LA MUSICA STRUMENTALE
Durante il Cinquecento aumenta tra la gente di ogni classe sociale il piacere di ascoltare musica,
grazie anche all’impulso che l’invenzione della stampa musicale ha dato alla diffusione della
musica in ogni ambito. In particolare gli strumenti musicali, che fino ad allora avevano avuto un
ruolo marginale, esclusivamente relegati all’accompagnamento delle voci, ricevono nuova linfa
vitale e si staccano dalla musica vocale. Nascono così nuove forme esclusivamente pensate per gli
strumenti musicali.

La danza
Durante il Rinascimento la danza acquisisce molta importanza sia nelle piazze che all’interno delle
corti, dove nasce la figura del maestro di danza, che ha il compito di insegnare le danze al Signore e
ai suoi ospiti e creare nuove coreografie per le feste di corte.

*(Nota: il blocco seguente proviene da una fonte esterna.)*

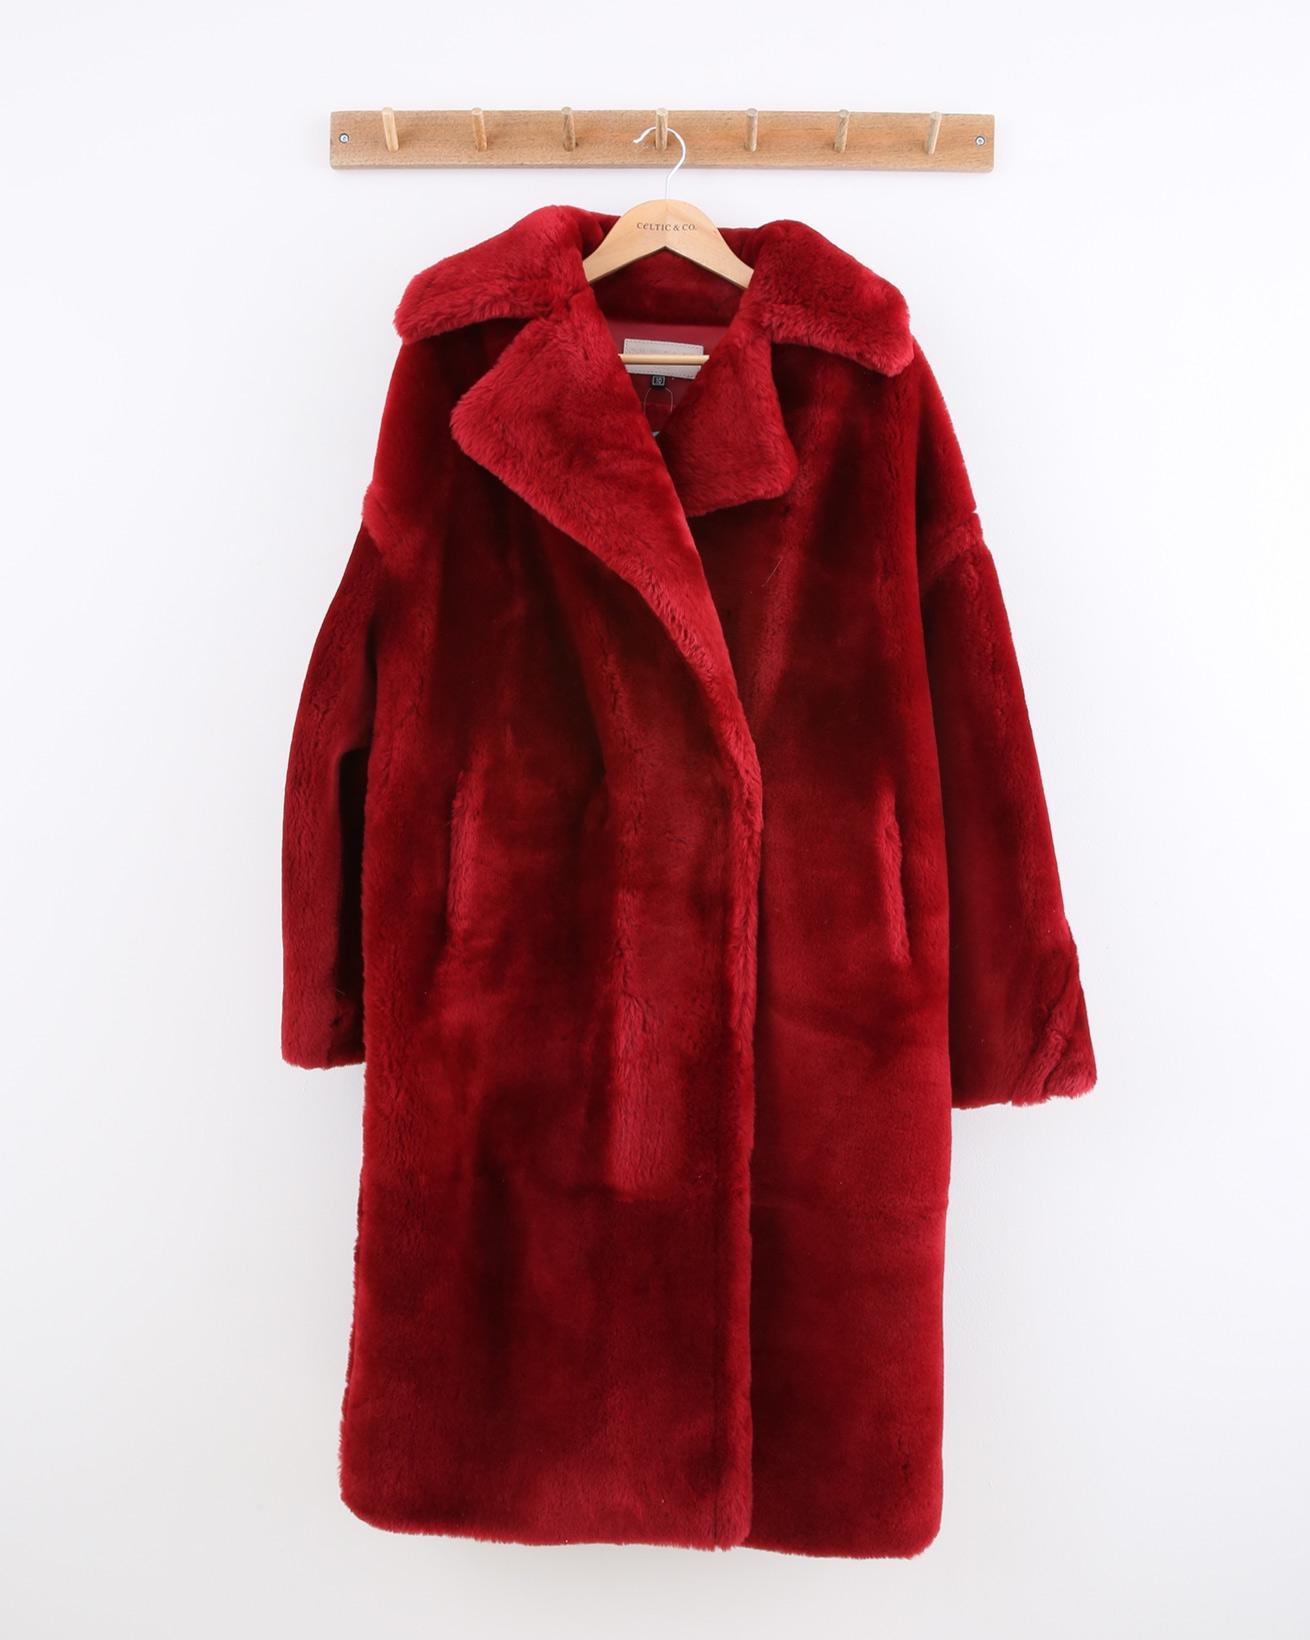 Oversized Long Sheepskin Overcoat - Size 10 - Pillarbox Red - 1472

Lo sviluppo della danza determina uno
sviluppo anche della musica strumentale che la accompagna. Tra le danze più diffuse
troviamo pavana, allemanda, gagliarda, piva e corrente. Tali danze spesso vengono accoppiate tra
di loro, mettendo in successione una danza dall’andamento più vivace e una danza di andamento
moderato. Di origine francese, invece, i branle

Gli strumenti musicali


Tra gli strumenti più diffusi ricordiamo: viole da gamba e viole da braccio, (strumenti a corde
strofinate), violini, liuti, cetre, chitarre, arpe e clavicembali (strumenti a corde pizzicate). Tra gli
strumenti a fiato troviamo flauti dritti e traversi, la bombarda e il cromorno  (ad ancia
doppia), trombe e tromboni, cornamuse. Nelle chiese continua ad essere utilizzato l’organo. A
questi vanno aggiunti strumenti a percussioni come tamburi, tamburelli, sonagli, piatti.